_TASK DETAILS:_ For the entries below, repeat exactly each line starting with the one that contains "Insurance Customer Service" and going on through the one that contains "Глаукома глаза причины.", and no others.

_MATERIAL TO PROCESS:_
━━━━

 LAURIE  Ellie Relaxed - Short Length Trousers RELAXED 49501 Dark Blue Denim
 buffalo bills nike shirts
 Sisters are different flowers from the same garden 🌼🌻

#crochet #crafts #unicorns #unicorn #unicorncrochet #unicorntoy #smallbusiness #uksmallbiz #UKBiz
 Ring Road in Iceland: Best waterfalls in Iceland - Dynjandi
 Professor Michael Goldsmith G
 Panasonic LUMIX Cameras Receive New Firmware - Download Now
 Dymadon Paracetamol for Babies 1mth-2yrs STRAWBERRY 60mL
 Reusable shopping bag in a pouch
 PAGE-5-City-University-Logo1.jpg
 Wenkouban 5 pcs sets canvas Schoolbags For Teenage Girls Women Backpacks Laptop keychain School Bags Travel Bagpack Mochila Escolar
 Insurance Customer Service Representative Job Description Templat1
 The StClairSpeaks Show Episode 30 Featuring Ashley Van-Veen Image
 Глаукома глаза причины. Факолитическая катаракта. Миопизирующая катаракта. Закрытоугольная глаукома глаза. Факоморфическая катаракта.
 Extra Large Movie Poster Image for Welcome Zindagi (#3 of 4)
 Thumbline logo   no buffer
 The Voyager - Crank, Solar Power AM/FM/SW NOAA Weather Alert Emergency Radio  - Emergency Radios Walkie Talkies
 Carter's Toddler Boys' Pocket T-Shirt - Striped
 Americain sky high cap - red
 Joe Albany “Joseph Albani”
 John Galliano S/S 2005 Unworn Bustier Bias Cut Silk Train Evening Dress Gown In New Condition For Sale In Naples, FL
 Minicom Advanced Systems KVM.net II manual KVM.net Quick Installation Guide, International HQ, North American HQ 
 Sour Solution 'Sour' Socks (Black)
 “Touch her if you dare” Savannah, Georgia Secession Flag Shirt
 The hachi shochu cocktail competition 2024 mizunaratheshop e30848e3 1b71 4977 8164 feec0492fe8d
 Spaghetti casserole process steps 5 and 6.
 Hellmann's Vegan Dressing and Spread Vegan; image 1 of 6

━━━━

_ANSWER AREA:_
 Insurance Customer Service Representative Job Description Templat1
 The StClairSpeaks Show Episode 30 Featuring Ashley Van-Veen Image
 Глаукома глаза причины. Факолитическая катаракта. Миопизирующая катаракта. Закрытоугольная глаукома глаза. Факоморфическая катаракта.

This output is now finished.